Sara Moretto (born 28 September 1980) is an Italian politician. She was a member of the Chamber of Deputies for Italia Viva, formerly of the Democratic Party.

==Biography==
Born on September 28, 1980, in Portogruaro (Venice), where she earned a diploma in accounting and business administration from the former “Gino Luzzatto” Technical Commercial Institute, she works in administration at the family business and graduated in 2004 with a degree in business administration from Ca' Foscari University of Venice.

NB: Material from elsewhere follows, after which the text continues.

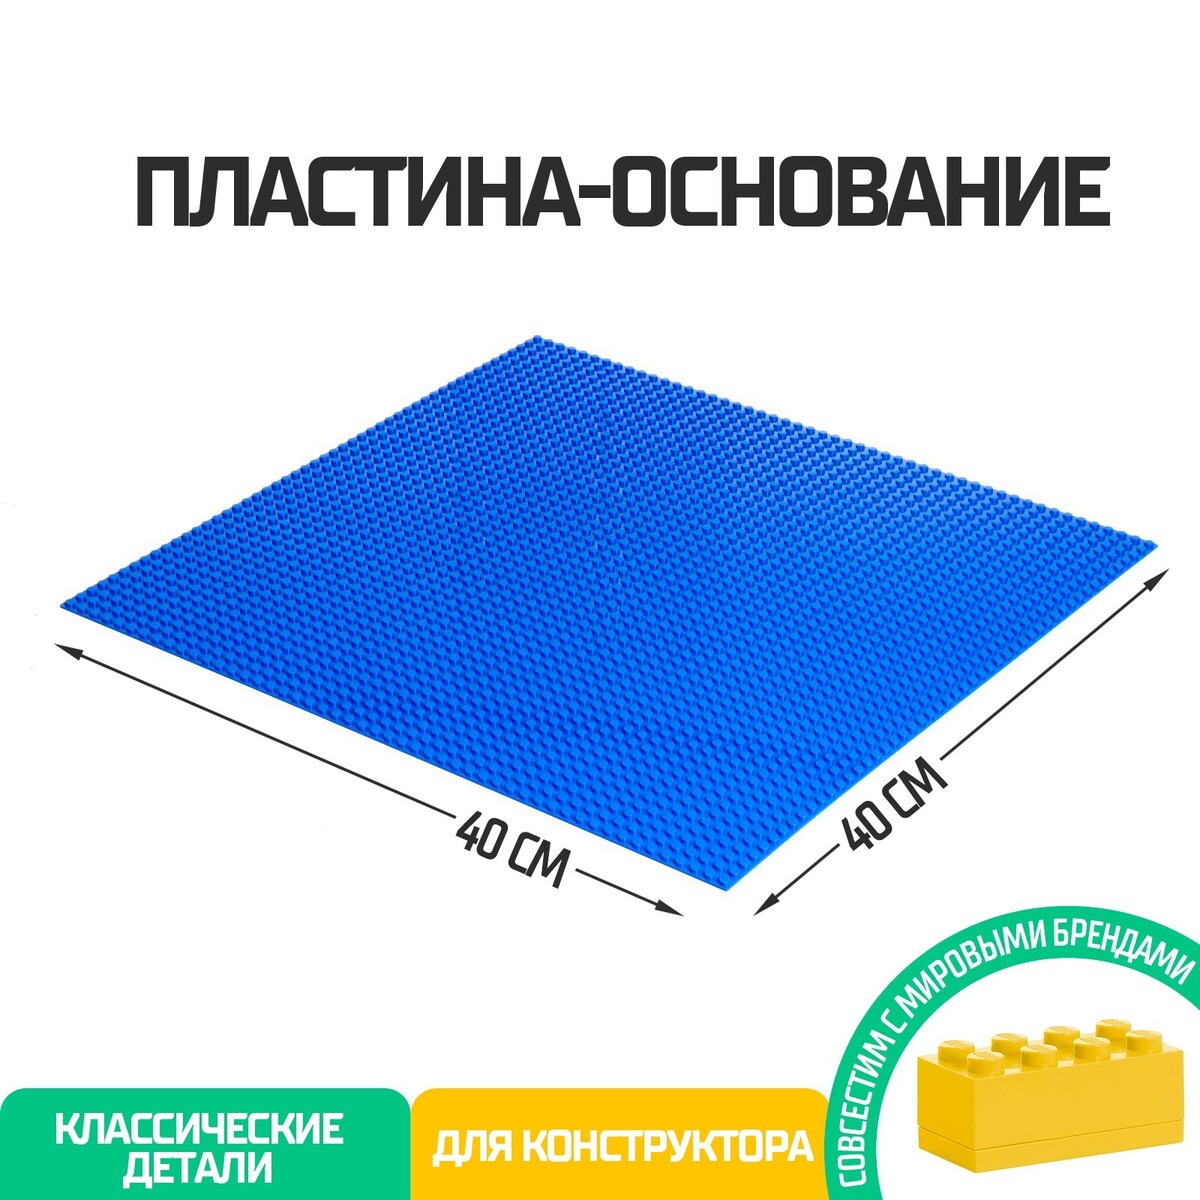 Пластина-основание для конструктора, 40 × 40 см, цвет синий браслет пластина

Her political career began at the local level as a city councilor in Portogruaro, where she was elected twice in a row (in 2004 and 2010) as a candidate on a Centre-left politics civic slate.

In the 2013 general election, she ran for the Chamber of Deputies as the ninth candidate on the PD’s list in the Veneto 1 constituency, finishing as the last candidate to be elected as a deputy. During the 17th Legislature of the Republic, she served on the 8th Committee on the Environment, Territory, and Public Works, the 6th Finance Committee, and a Parliamentary inquiry committee.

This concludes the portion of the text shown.